General Principles of Multimodal LLMs for Automation
Multimodal LLMs for automating PC tasks combine several key technologies:
- Computer vision — analyzing the screen and recognizing interface elements
- Natural language processing — understanding instructions and generating responses
- Decision-making — choosing the right actions based on context
- Interface management — emulating user actions (clicks, text input)
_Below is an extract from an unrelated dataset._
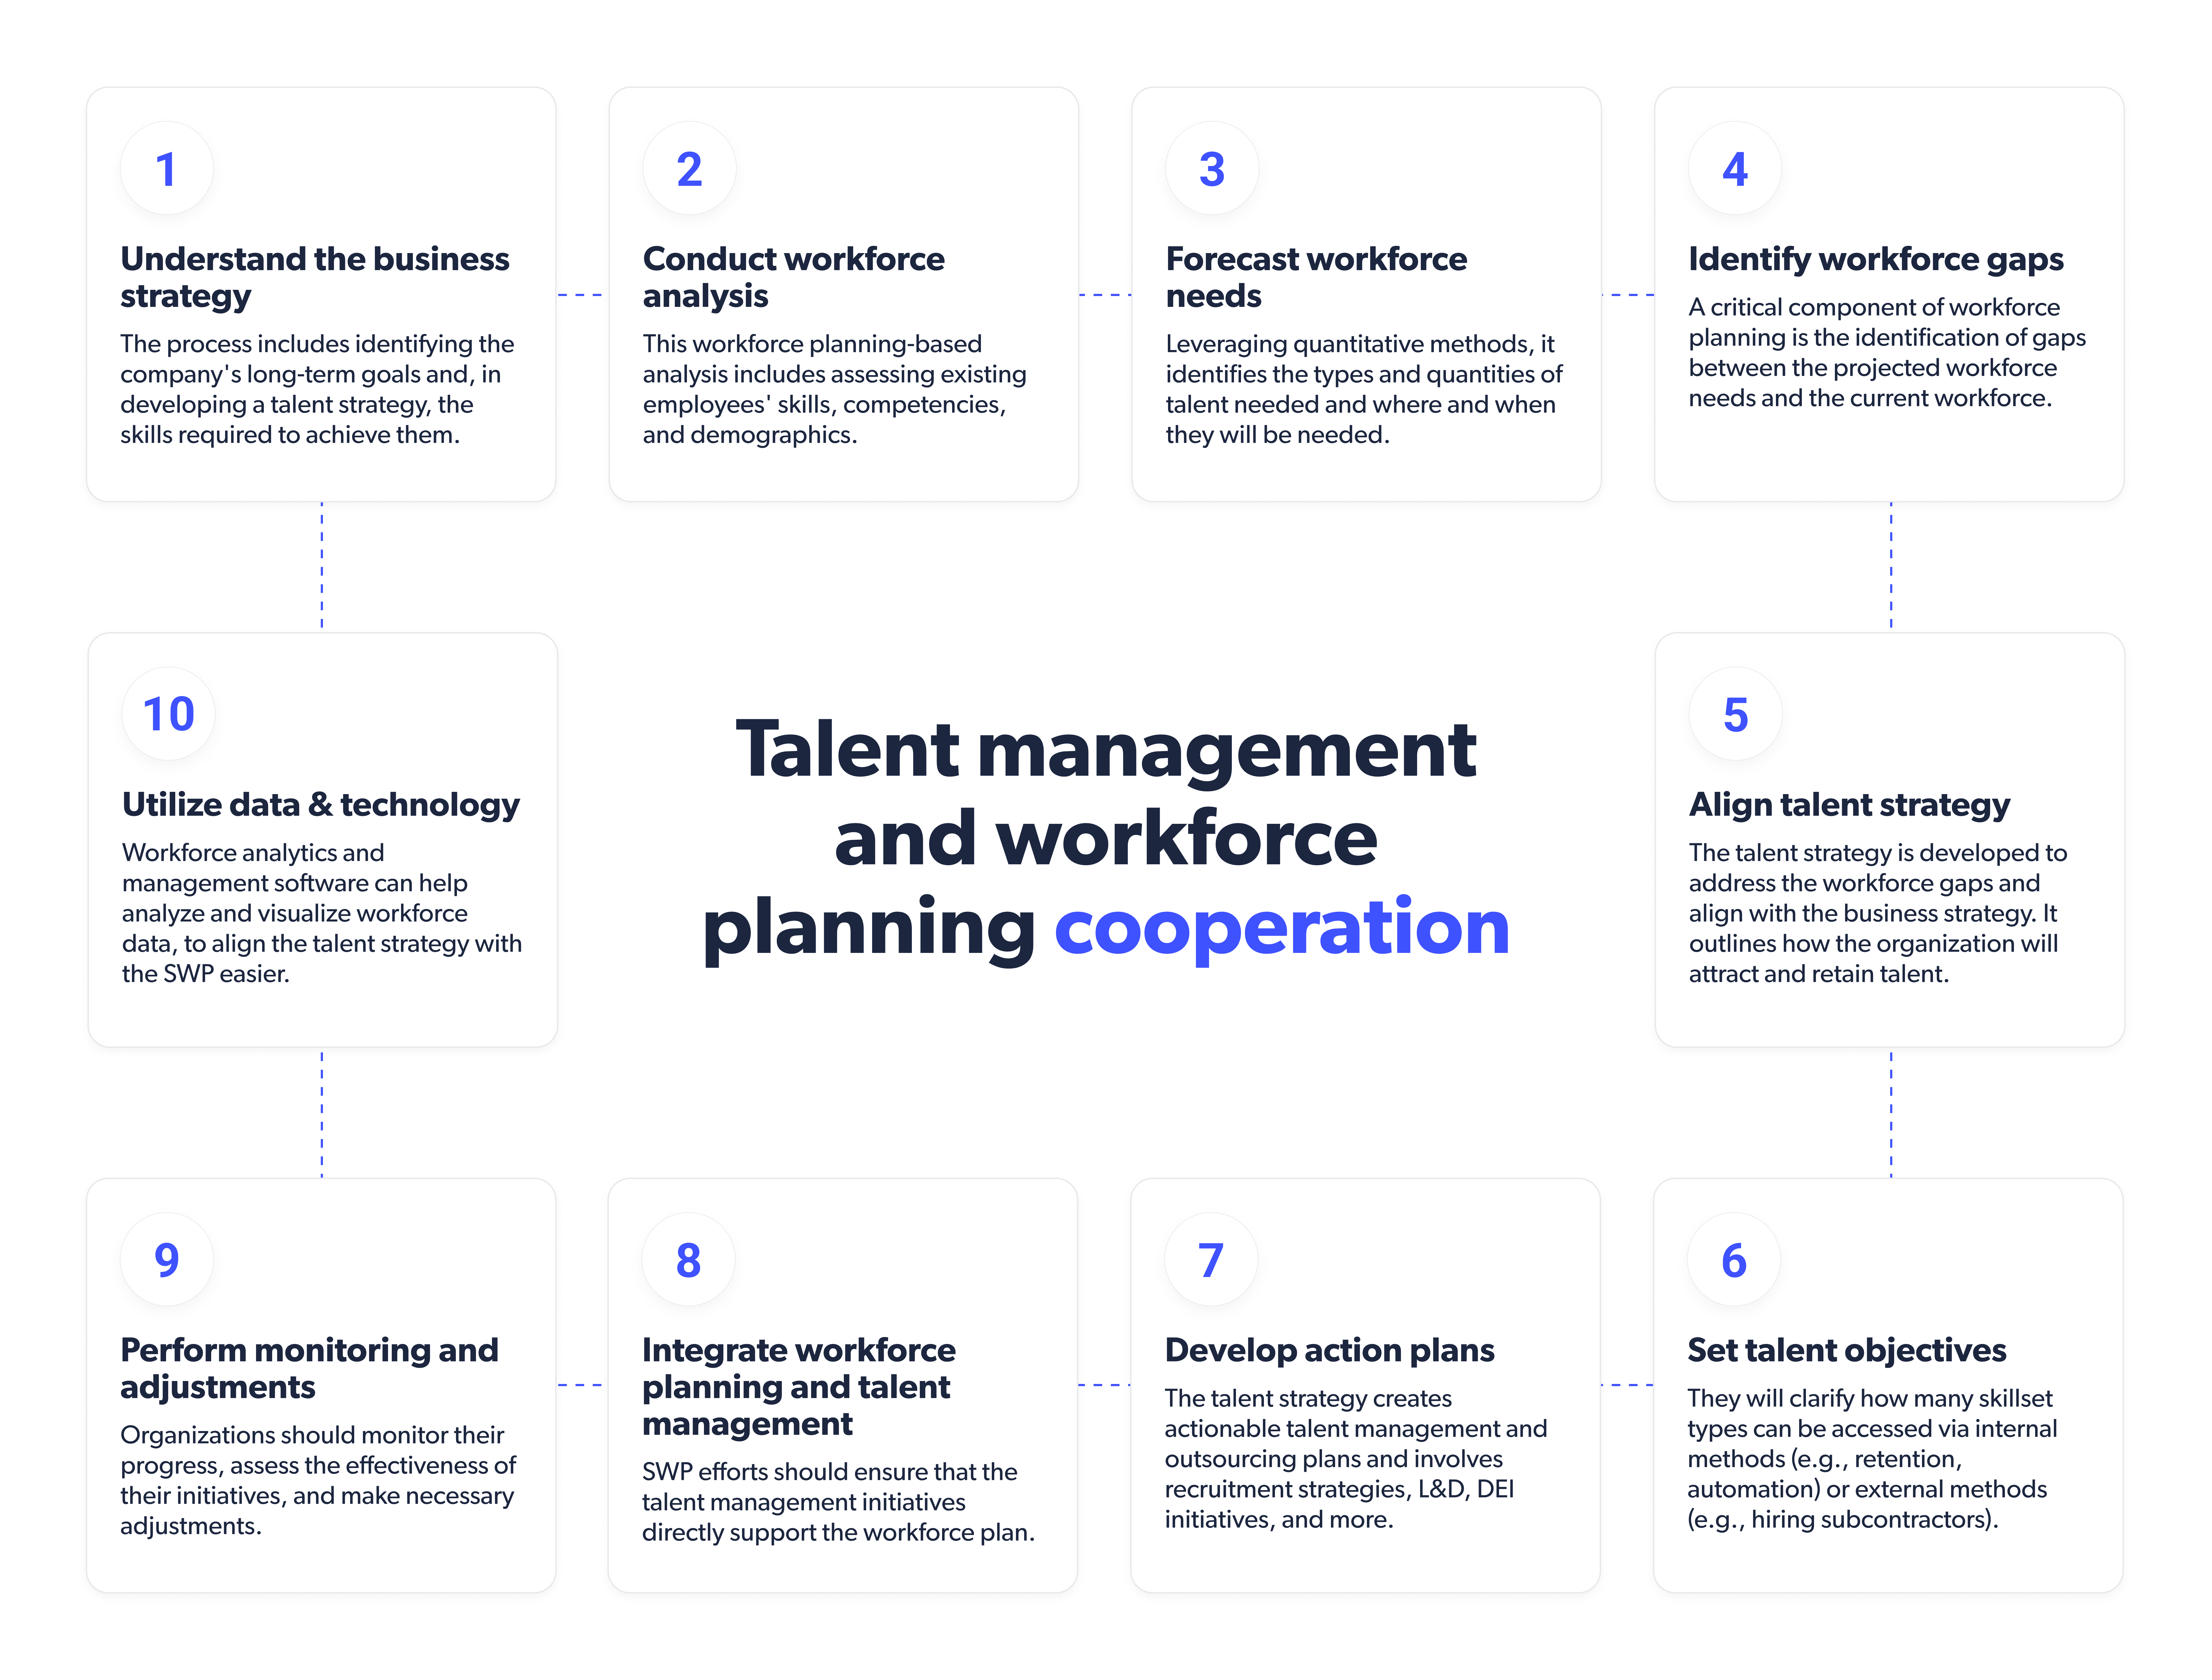 Talent management and workforce planning cooperation

Main Tools for PC Automation
1. Automation with Browser Tools
Browser-use
What it is: A library for automating actions in a browser using AI agents.
Features:
- Identifies interactive elements on a web page and transmits information to the LLM
- Allows the LLM to make decisions about where to click and what to write
- Integrates with various LLMs, including GPT-4, Claude, and others
- Based on Playwright for direct interaction with the browser
Application: Automating form filling, information retrieval, navigation through complex web interfaces.
Browser-use has gained significant popularity due to its high accuracy in interacting with web page elements.
Skyvern
What it is: A tool for automating browser workflows using LLMs and computer vision.
Features:
- Uses a "swarm of agents" to understand the site, plan, and execute actions
- Includes specialized agents for different tasks (navigation, data extraction, etc.)
- Works with Playwright to interact with the browser
- Analyzes page content in real time
Application: Automating complex multi-step processes in the browser, resistant to interface changes.
GPT-4V-Act
What it is: An AI agent using GPT-4V(ision) to interact with web interfaces.
Features:
- Combines the capabilities of GPT-4V and a browser
- Uses Set-of-Mark Prompting technology and automatic element markup
- Assigns unique numeric identifiers to each interactive UI element
- Understands screenshots and makes decisions about the next actions
Application: Automating UI testing, improving interface accessibility, AI-based workflows.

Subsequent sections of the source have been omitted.